▶ Data provided:
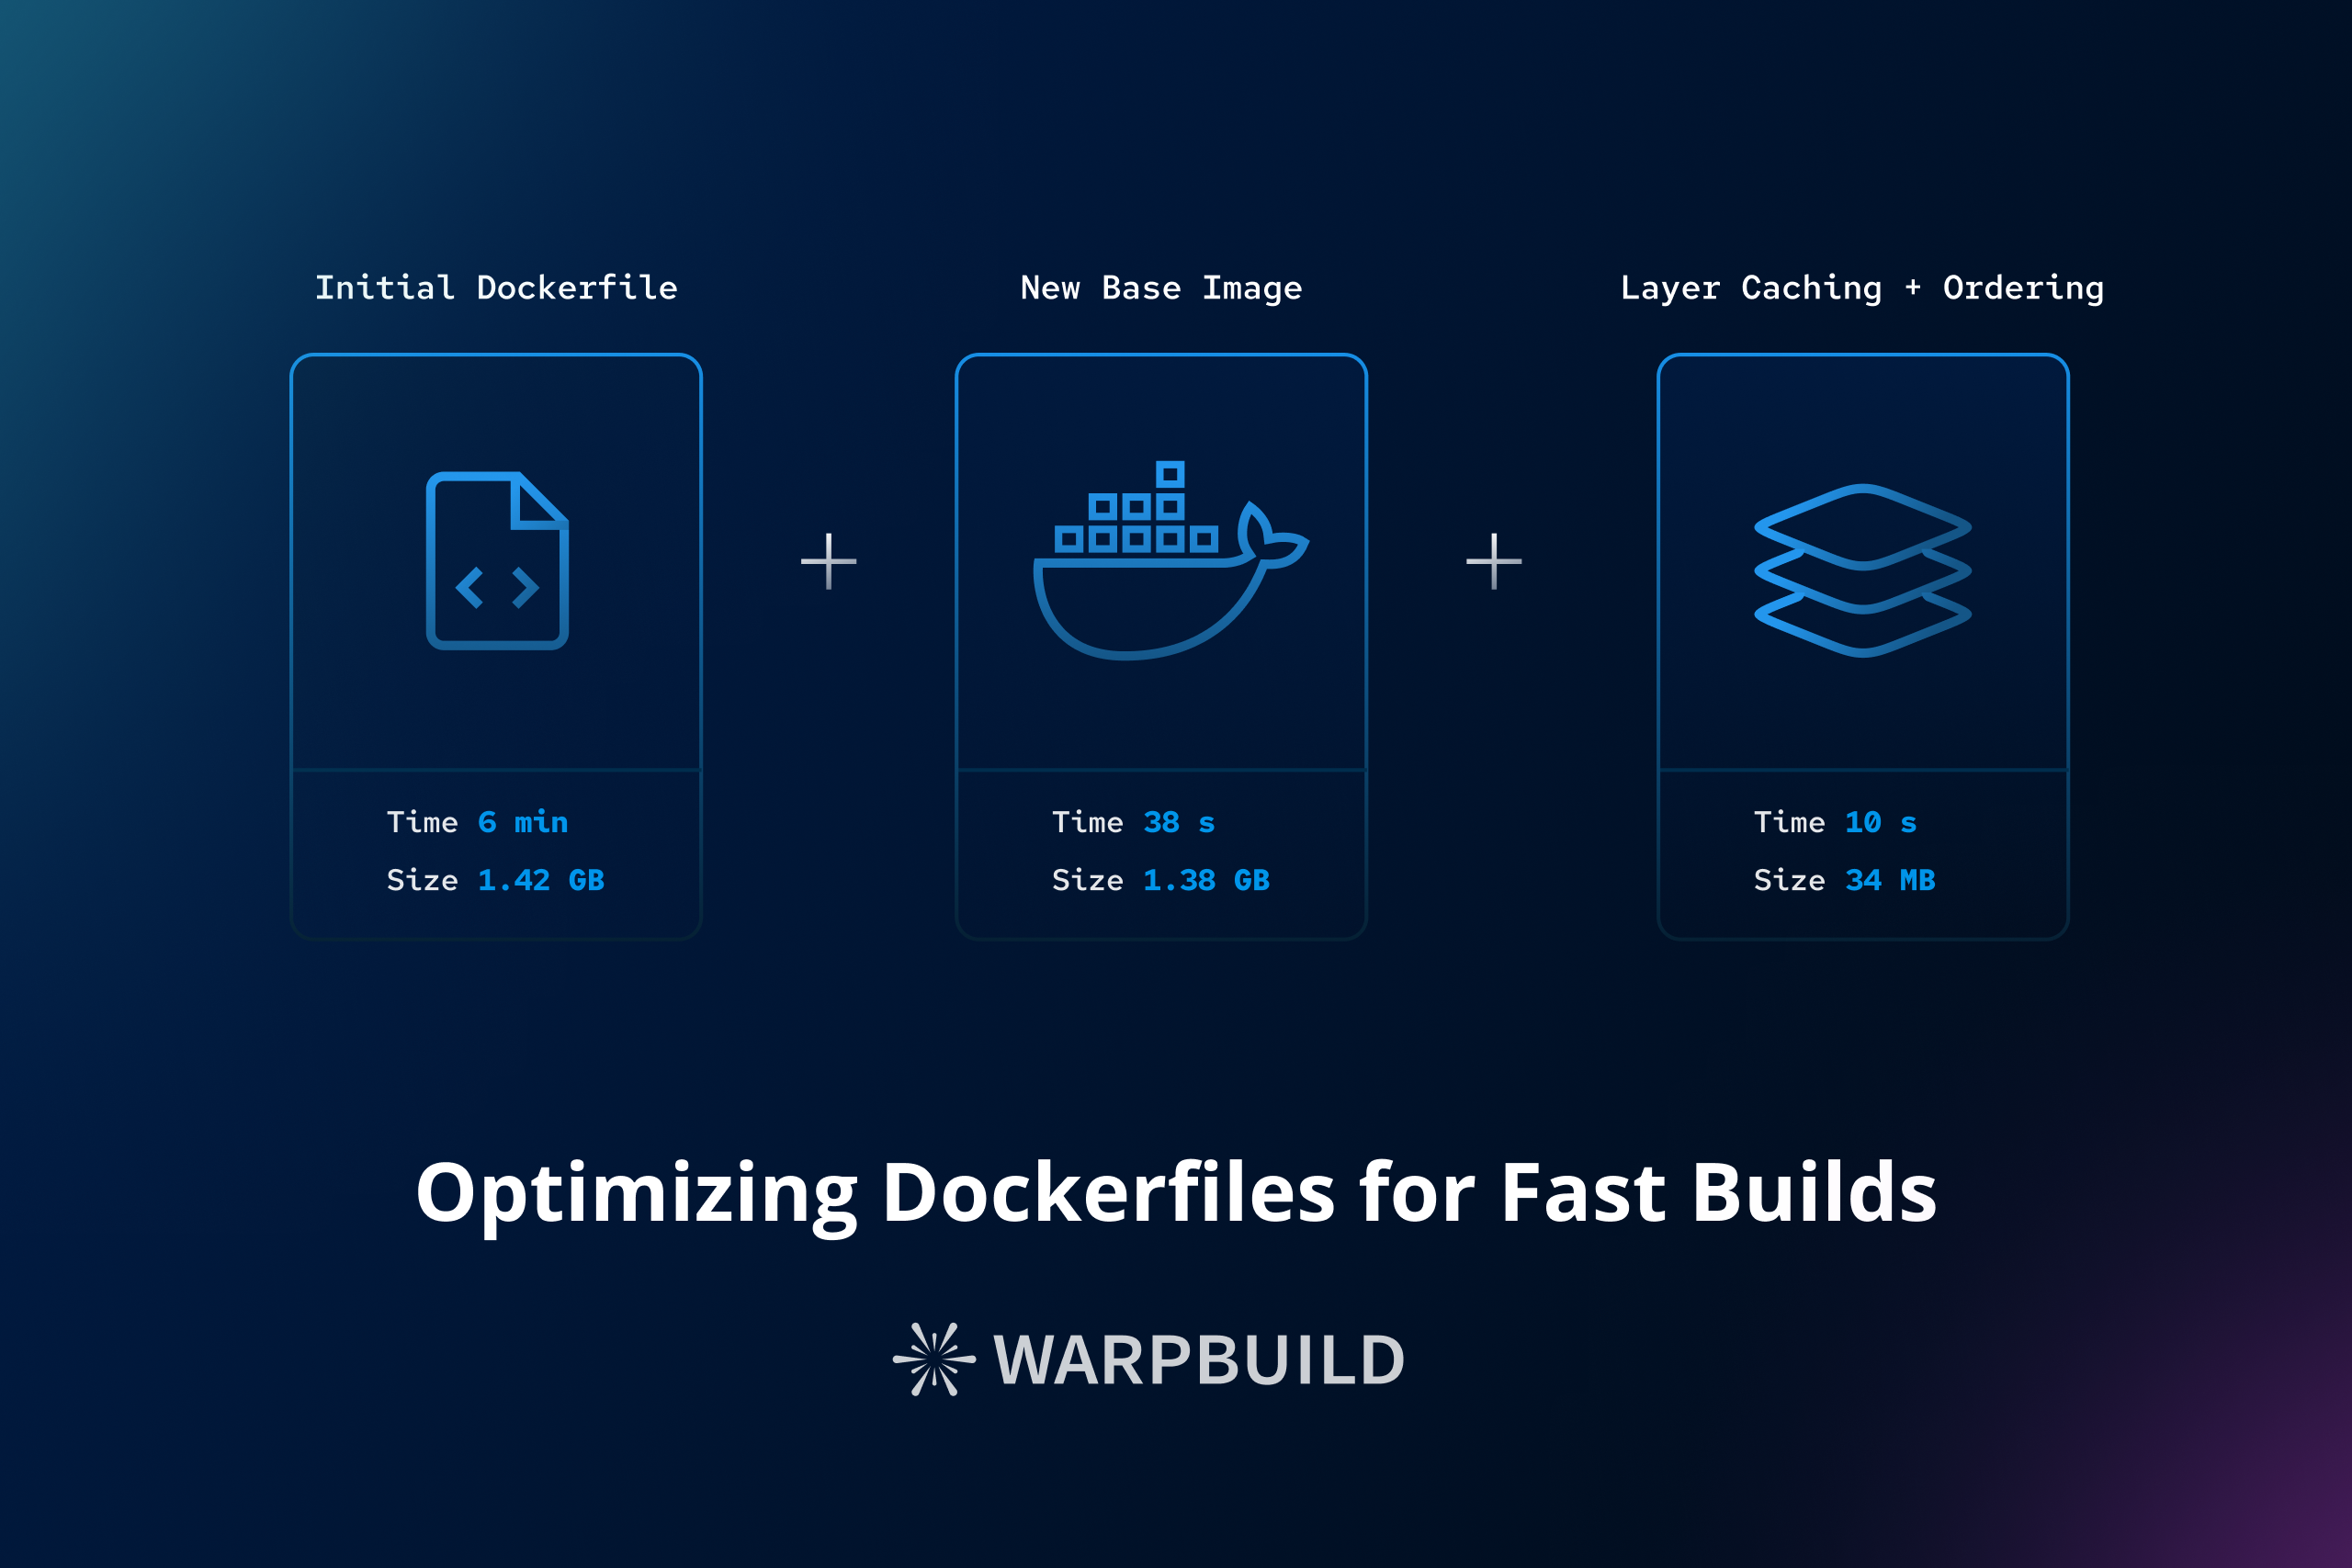 Optimizing Dockerfiles for Fast Builds
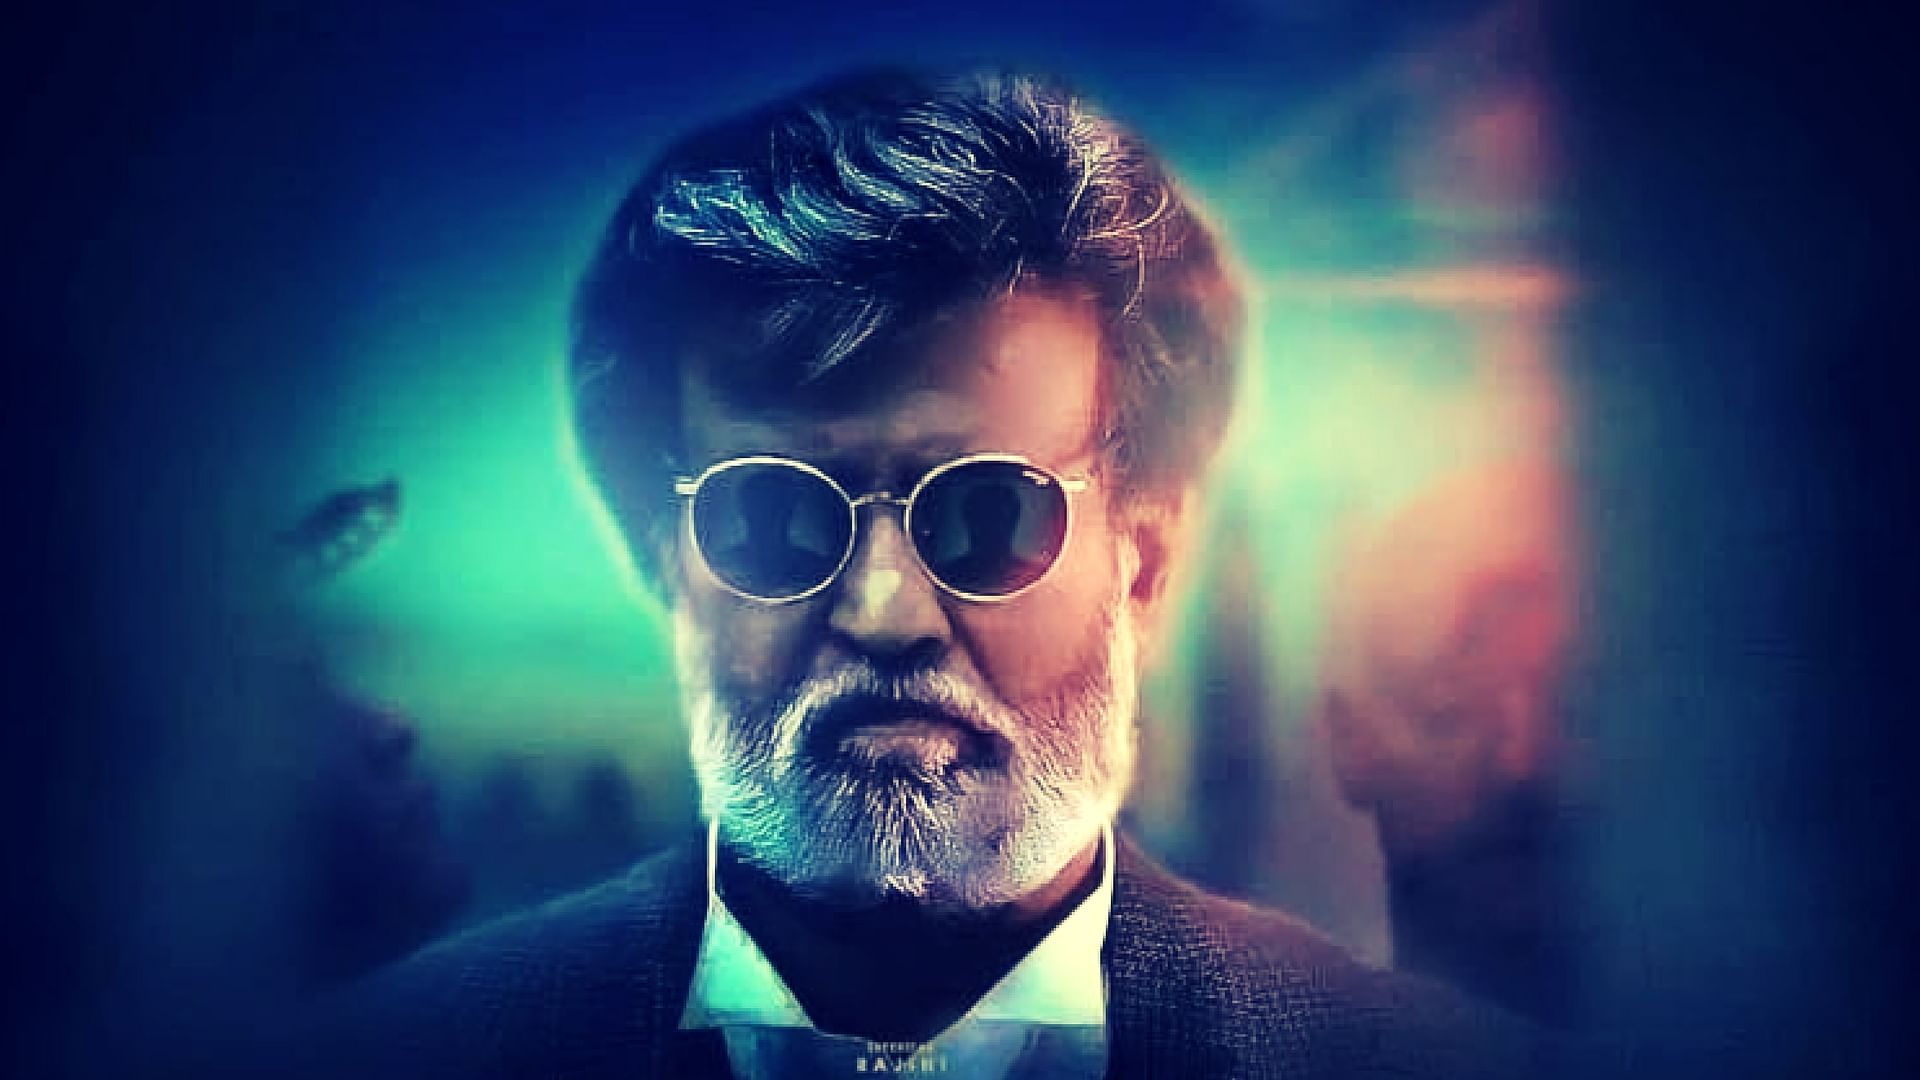 Kabali' Day 1 Collections Have Crossed the Rs 100 Crore Mark
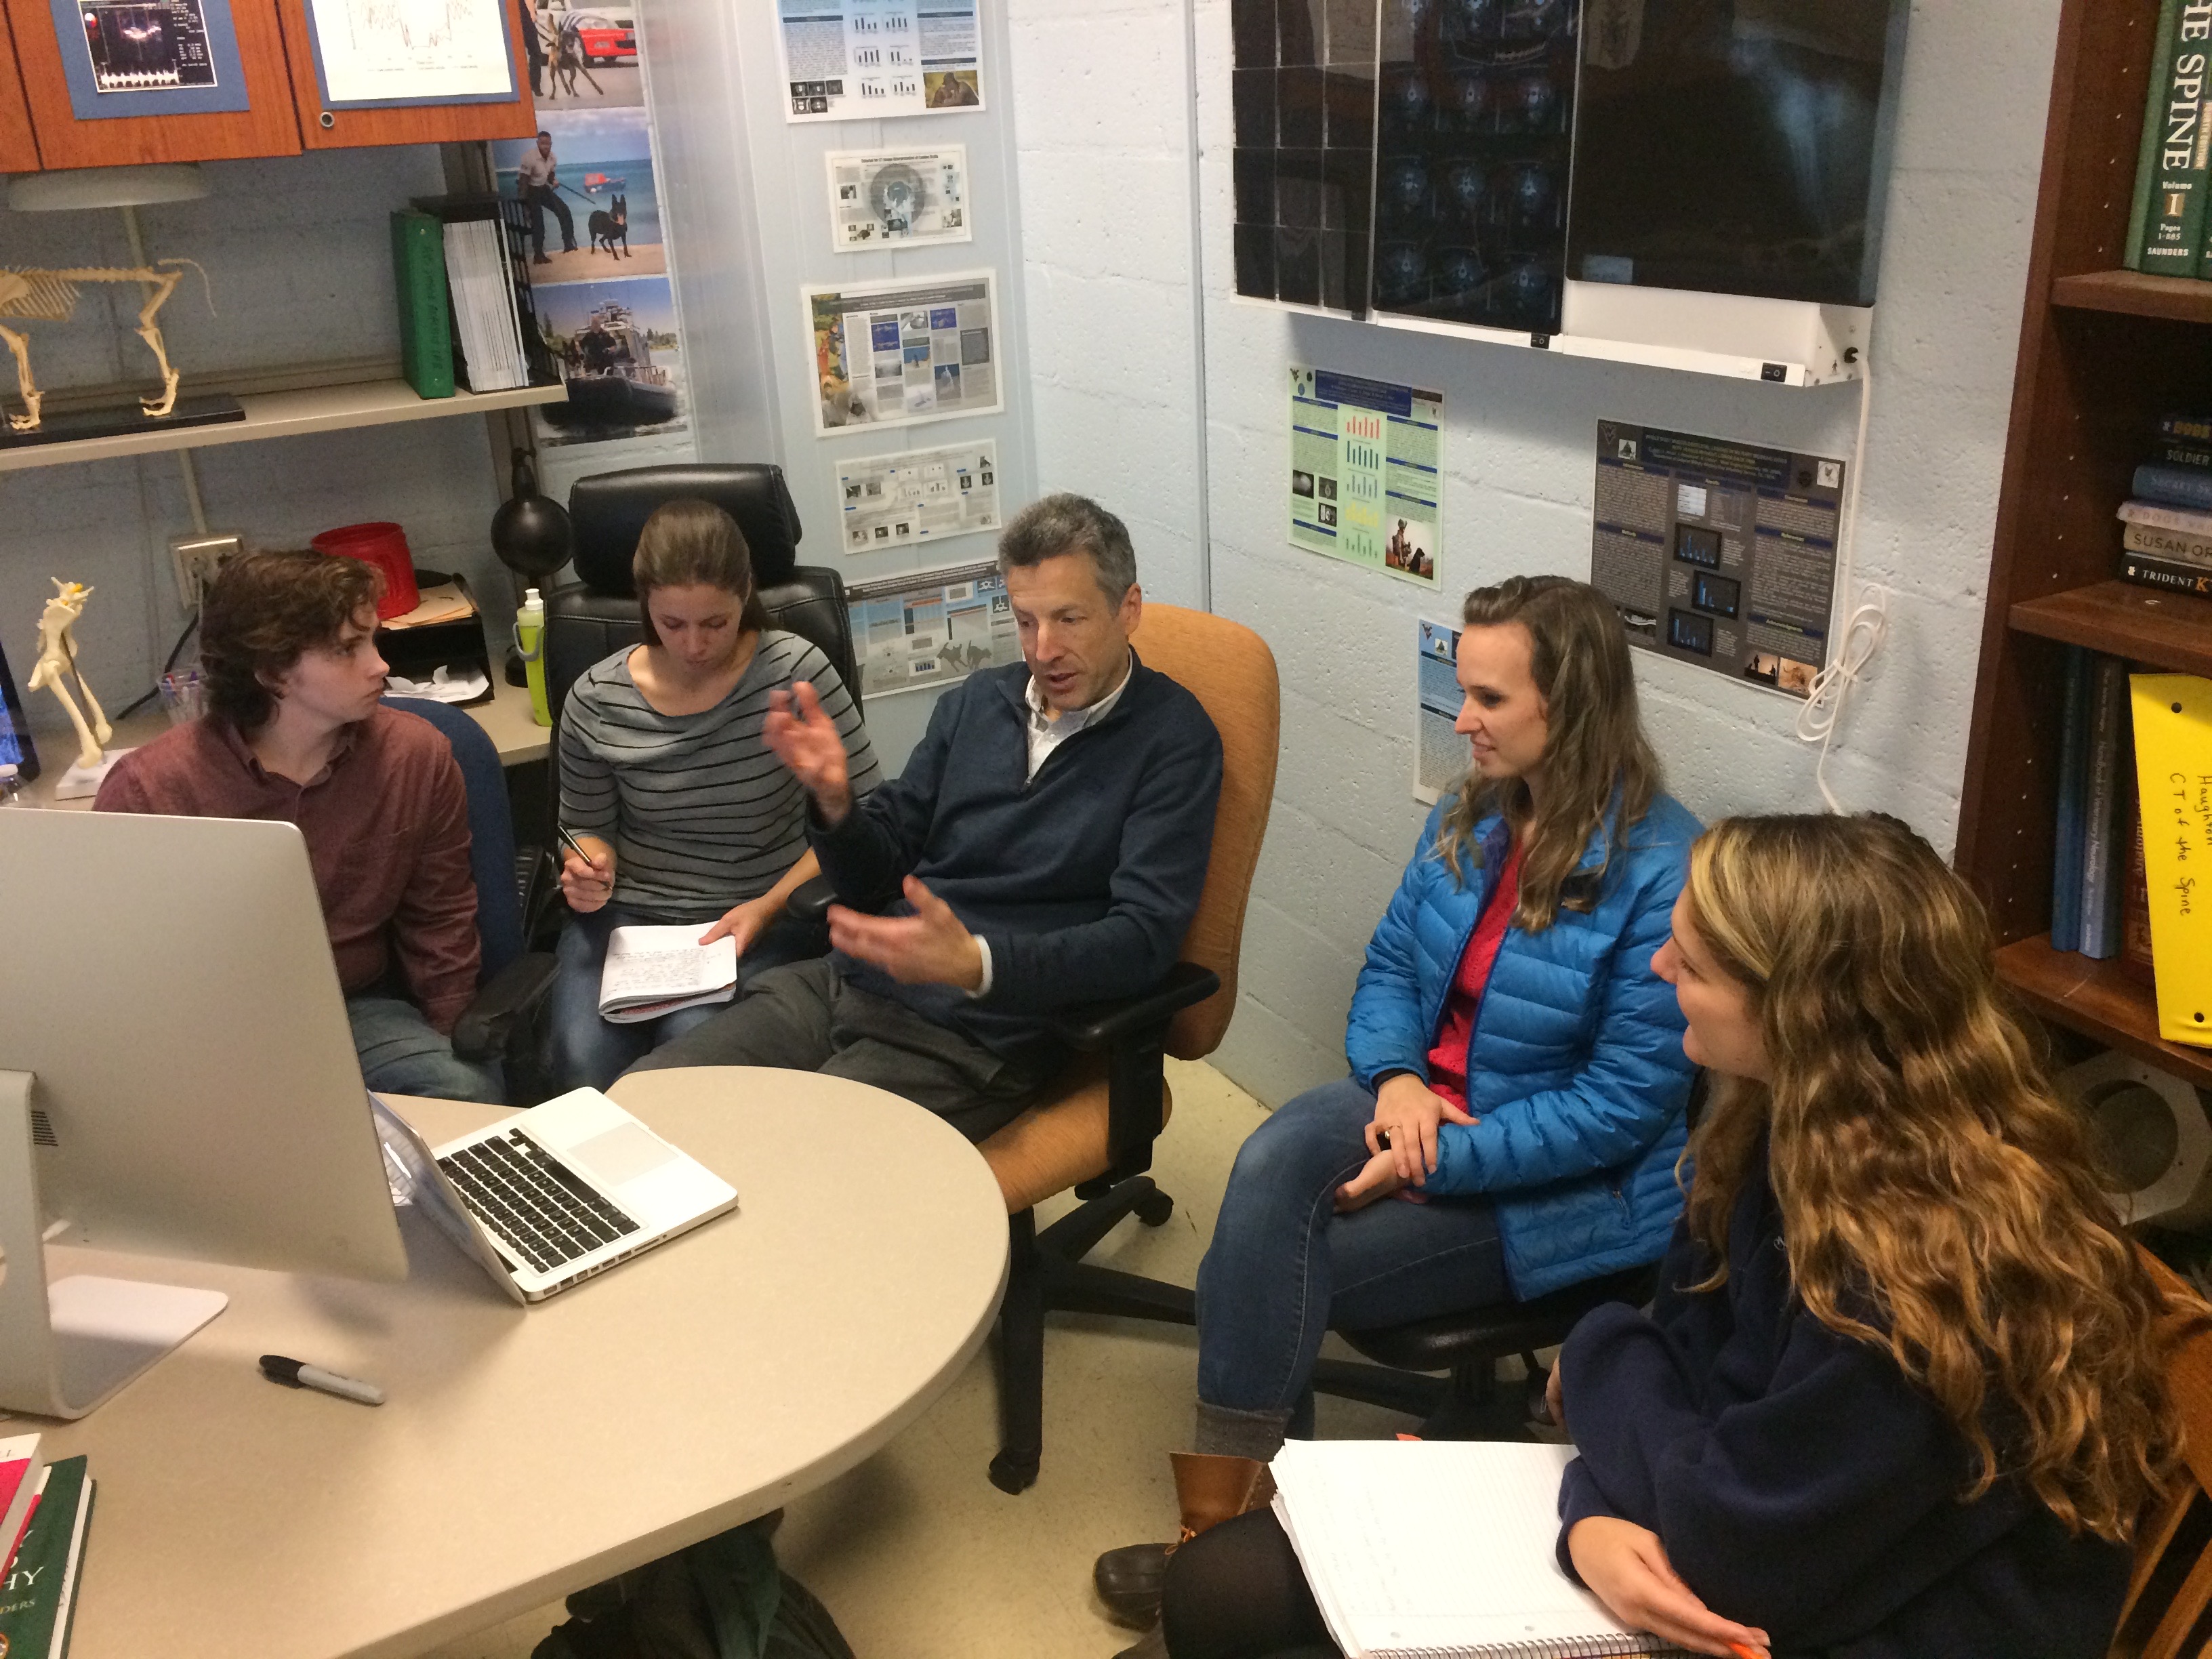 Dr. Andrew Worth from Massey University in New Zealand meeting with students in Dr. Jones’ research lab in 2017 to discuss his current research on lumbosacral disease in working dogs.

▶ Task details: With pictures excluded, restate word for word the lines from the one that contains "Kabali' Day 1" through the end of the material, inclusive, and nothing more.

▶ Your solution:
 Kabali' Day 1 Collections Have Crossed the Rs 100 Crore Mark
 Dr. Andrew Worth from Massey University in New Zealand meeting with students in Dr. Jones’ research lab in 2017 to discuss his current research on lumbosacral disease in working dogs.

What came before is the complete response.